Most of the city’s main roadways have been fixed, but the city still has major road problems on Levee Road, Railroad Avenue, Spruce Street, in addition to areas on Lawrence Street, Klingsville, and Marquis Manor among many other areas, Grizzaffi said.
It will take multiple years to get the areas that need roadwork done, Garber said. “I think we will very well spend that extra money every year,” she said.
The three-tenths sales tax lasts 12 years, but the city’s bond payment is only 10 years, Grizzaffi said. “The last two years, we might be having $800,000 or $900,000 a year for the next mayor to spend (on roads),” Grizzaffi said.
The money raised from the three-tenths sales tax can only be used for road repairs, Garber said.
Capital outlay projects take up 5.5 percent or about $2 million of the city’s budget. Of that money, $1.9 million is budgeted for a combination of state capital outlay funding to build three more cabins at Lake End Parkway, and grant money the city received for its wharf project to bulkhead the city’s riverfront, Grizzaffi said.
The police department’s budget is 10.4 percent or about $3.9 million of the total budget. The $300,000 increase in the police department’s budget came partly from a more than $100,000 increase in state retirement plan expenses, and about $50,000 in hospitalization expenses.
The fire department’s budget is 6.4 percent or about $2.3 million of the total budget. The fire department’s budget shows about a $100,000 increase in the fire department’s budget from the 2013 budget. The increase was mostly due to a roughly $80,000 jump in retirement and payroll taxes.

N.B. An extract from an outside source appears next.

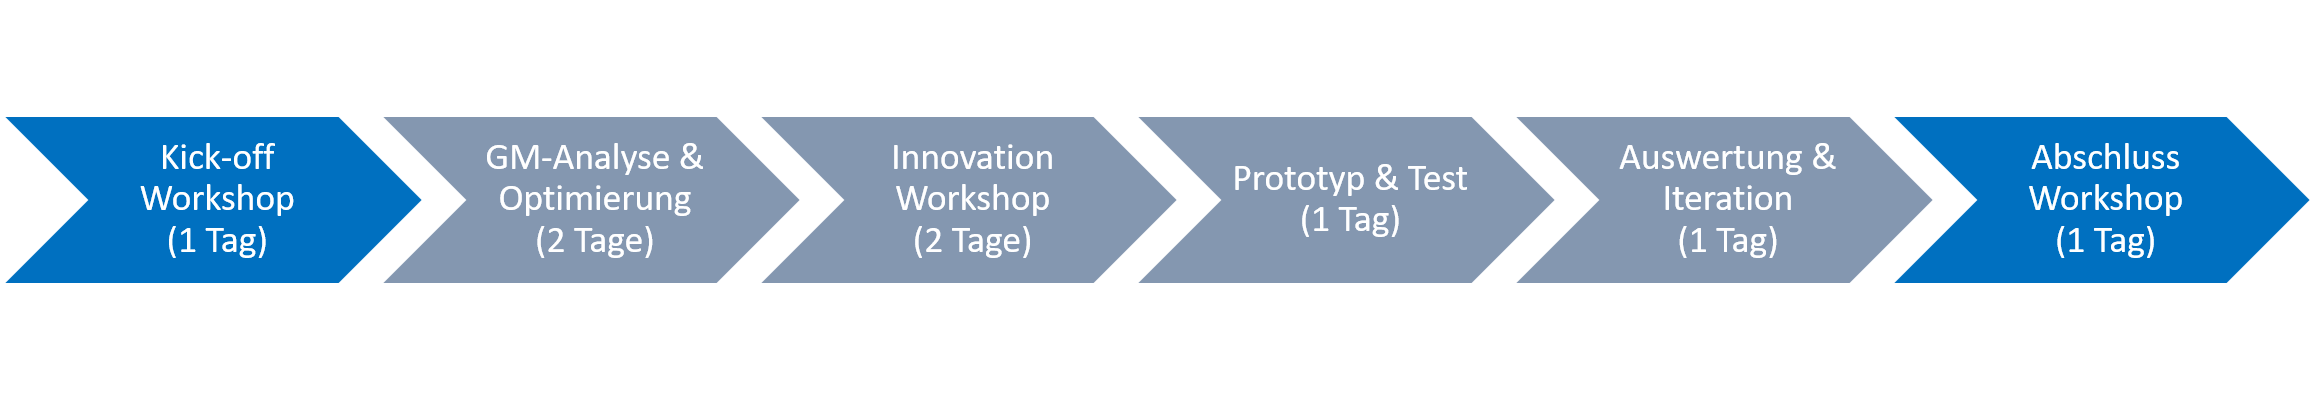 Ablauf des Programms: Kick-off Workshop (1 Tag) - GM-Analyse/Optimierung (2 Tage) - Innovation Workshop (2 Tage) - Prototyp/Test (1 Tag) - Auswertung/Iteration (1 Tag) - Abschluss Workshop (1 Tag)

“For several years we had been hit with 3 or 4 percent increases a year in police and fire retirement systems, which is something we cannot control,” Garber said. City officials do not know what the retirement costs would be this year because the state determines how much the city has to fund, and that is not decided until July, Garber said. Therefore, city officials wanted to make sure enough was budgeted for those anticipated costs, she said.
Grizzaffi said the overall budget is “a very conservative presentation.” City officials “undershot” on the city’s projected revenues and “overshot” on its projected expenditures, he said.
The majority of the proposed 2014 budget is to pay for utility operation expenses at a cost of $20.2 million, which is a decrease of about $150,000 from the 2013 budget.
The city’s budget was prepared mostly by looking at the history of recurring expenses, Grizzaffi said. “All the extra stuff is whether or not we have the revenue to do it.”
The recreation, culture, and public programs budget is 7.1 percent or about $2.67 million of the city’s budget.
General government expenditures, which include administrative costs, make up 6.8 percent or slightly more than $2.5 million of the city’s budget. That is around a $90,000 increase from the 2013 budget.
The city expects to take in about $3.7 million in sales tax revenues and $1.8 million in property tax revenues to go into the city’s general fund budget. Overall, the 2014 budget plans for about $8.7 million in tax revenues, up more than $100,000 from the 2013 budget.
The city’s general fund budget is projected to be about $10.2 million, about a $300,000 increase from the 2013 budget.
The city will have a budget workshop in November where all the department heads and supervisors will discuss their proposed 2014 budgets, Garber said.